How to cite this article:

Maria A. Kartawidjaja , 2010. Analyzing Scalability of Parallel Matrix Multiplication Using Dusd. Asian Journal of Information Technology, 9: 78-84.

DOI: 10.3923/ajit.2010.78.84

URL: https://medwelljournals.com/abstract/?doi=ajit.2010.78.84

INTRODUCTION

The demand for solving large and complex problems in a relative short time has motivated scientists to improve computational performance. The performance of a parallel system can be evaluated through the scalability analysis under different constraints, such as speedup (Gustafson, 1988) and efficiency as mentioned by Alonso et al. (2008). Several metrics have been used to describe scalability. Wu and Li (1997) define scalability based on a fixed computation to communication ratio, whilst Jogalekar and Woodside (2000) express scalability based on the throughput of the parallel system as mentioned by Yero and Henriques (2007). Although, there is no common definition for scalability in general scalability describes the ability of a parallel system to utilize an increasing number of processors. A system that provides an improved performance proportionally with the increasing workload when more resources are available is said to be a scalable system.

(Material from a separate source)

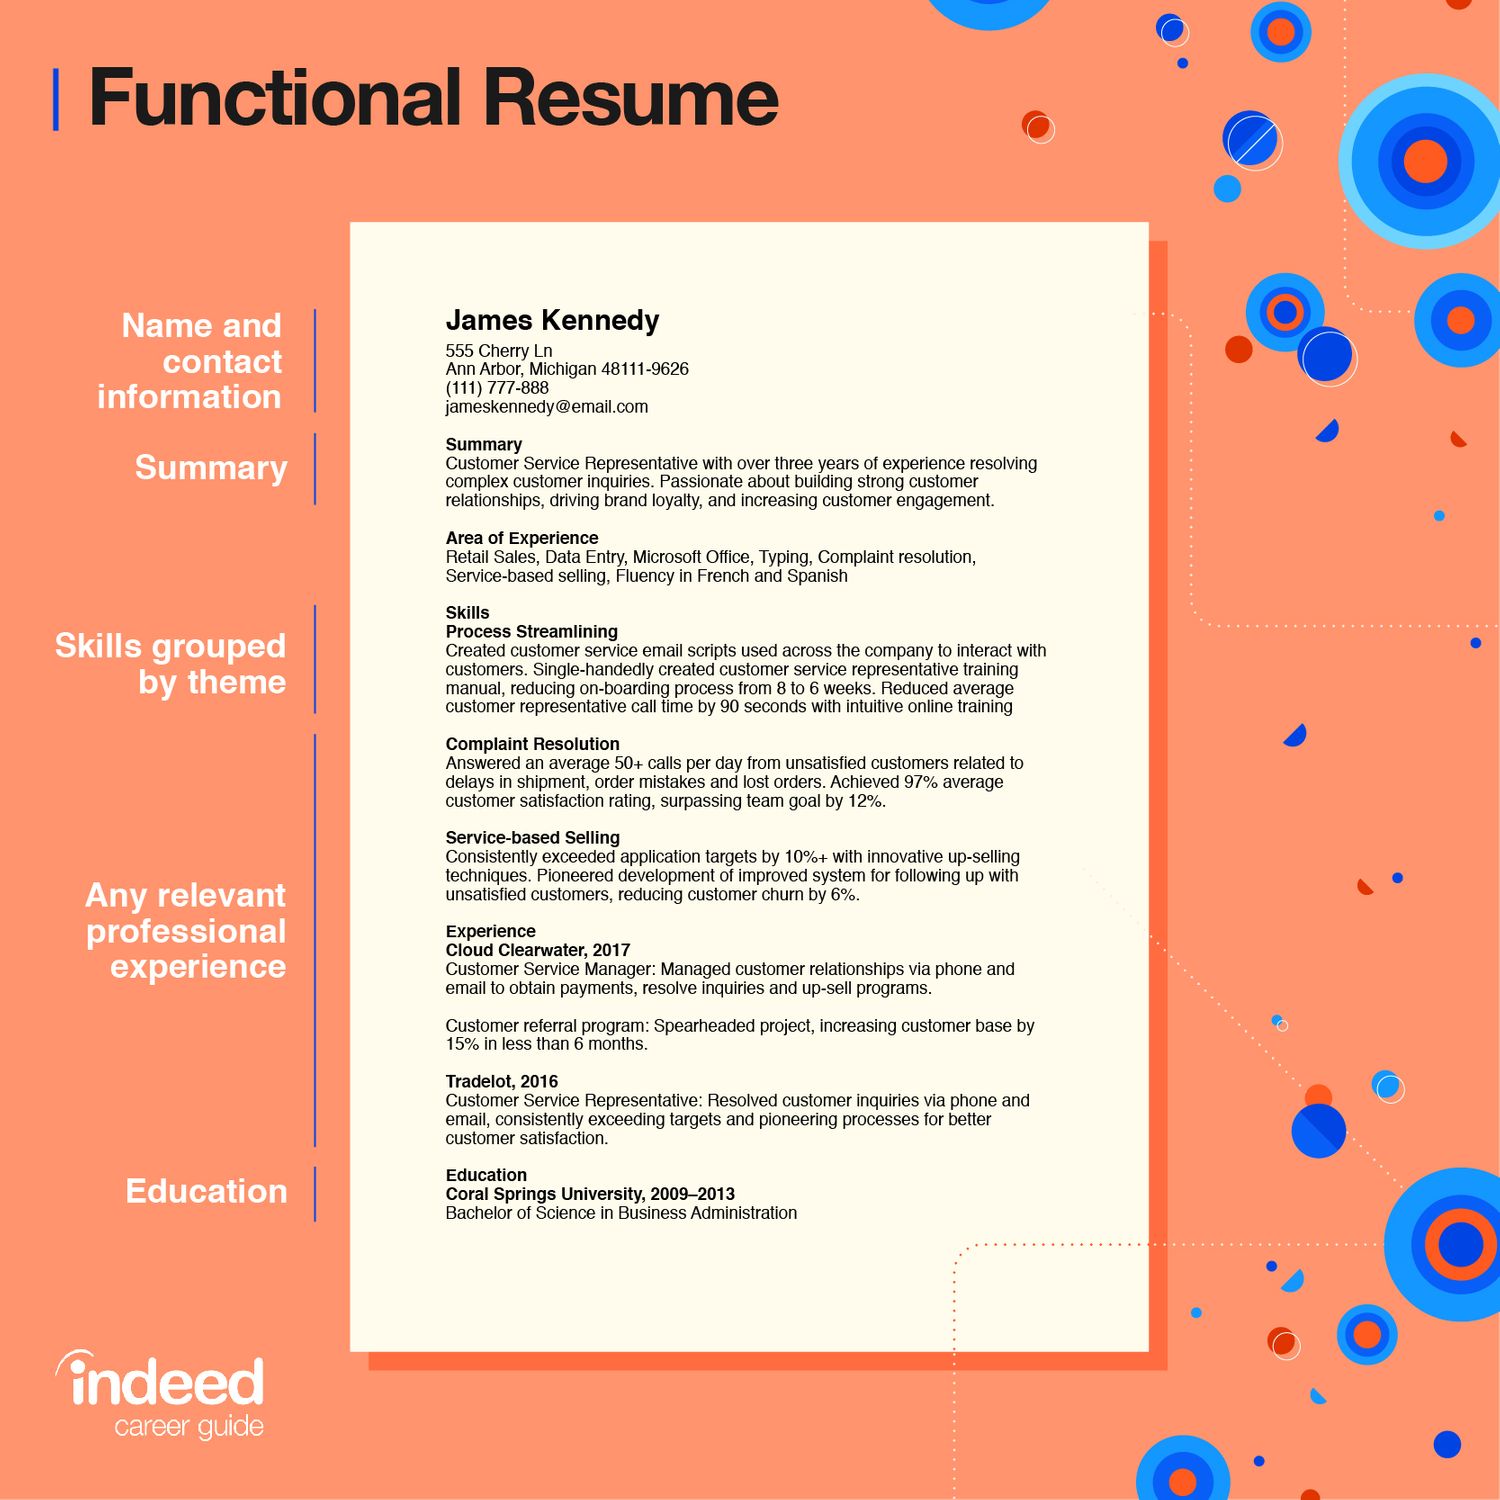 How To Make a Comprehensive Resume (With Examples)

Scalability analysis of a parallel system can be used to predict the performance of a parallel algorithm on a parallel architecture for a large number of processors from the known performance on that system using fewer processors. If the size of the problem is fixed this analysis can be applied to determine the optimum number of processors in order to achieve a maximum speedup. In addition, the scalability analysis can also estimate the impact of changing hardware parameters on the system performance (Kumar and Gupta, 1994). The objective of this study is to analyze the scalability of a parallel code on a parallel architecture using Dimensionless Universal Scaling Diagram (DUSD) proposed by Hockney (1996) and compare this method to the scaled speedup model of Gustafson.

MATERIALS AND METHODS

A parallel system can be viewed as multiple processing elements that communicate and cooperate to solve large problems in a more efficient fashion than using a single processing element. In essence, a parallel system is projected to offer a better performance than that provided by a sequential system.

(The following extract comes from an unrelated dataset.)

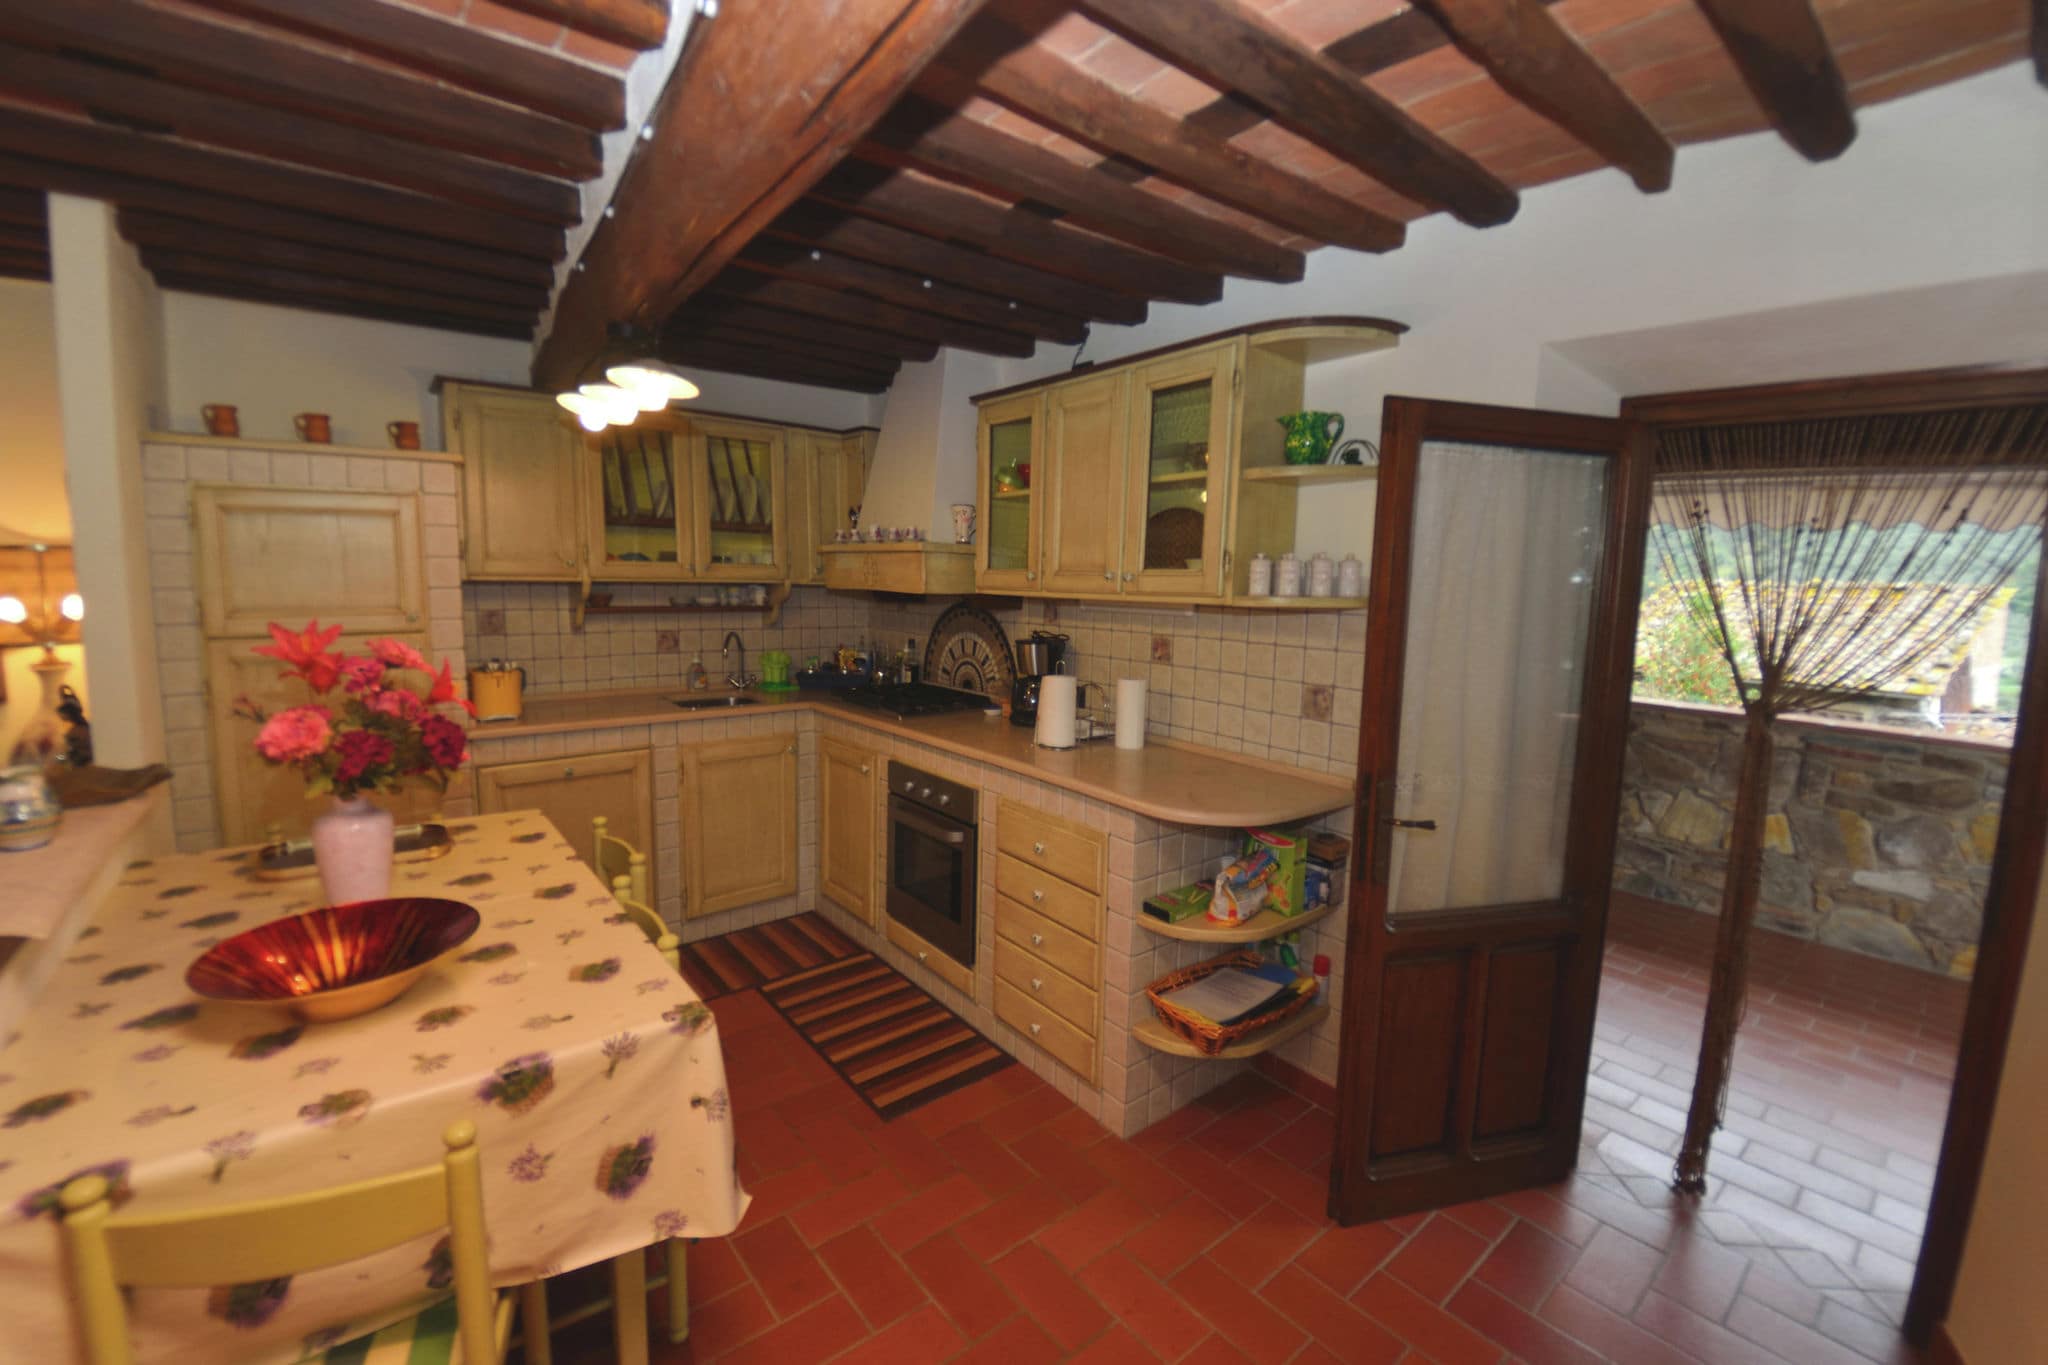 Modern villa with private pool and fenced garden 12 km from Lucca

Speedup of parallel systems: As in single processor, most performance issues in multiprocessor can be addressed by programming techniques, architectural techniques or both. Numerous techniques have been proposed to evaluate performance of a parallel system such as execution time, speedup, efficiency and price/ performance. According to Wu (1999), the most general performance metric is speedup. Approximately similar idea was revealed by Karp and Flatt (1990), who stated that the useful metrics to evaluate machine performance are speedup and efficiency. Amdahl (1967), Gustafson (1988) and Sun and Ni (1993) used speedup to quantify the performance of a parallel system, whereas Kumar and Gupta (1994) chose processor efficiency instead. In the discussion we use speedup to measure the performance of a parallel system.

Generally, speedup is defined as the execution time of the best sequential algorithm over the parallel algorithm and is expressed as:

(1)

This speedup referred to as absolute speedup. If T_s denotes the execution time of the parallel code on a single processor, the resulting speedup is called relative speedup (Sahni and Thanvantri, 2003). In the discussion, we use relative speedup as the performance metric because the aim is to evaluate the performance gain by using multiprocessors.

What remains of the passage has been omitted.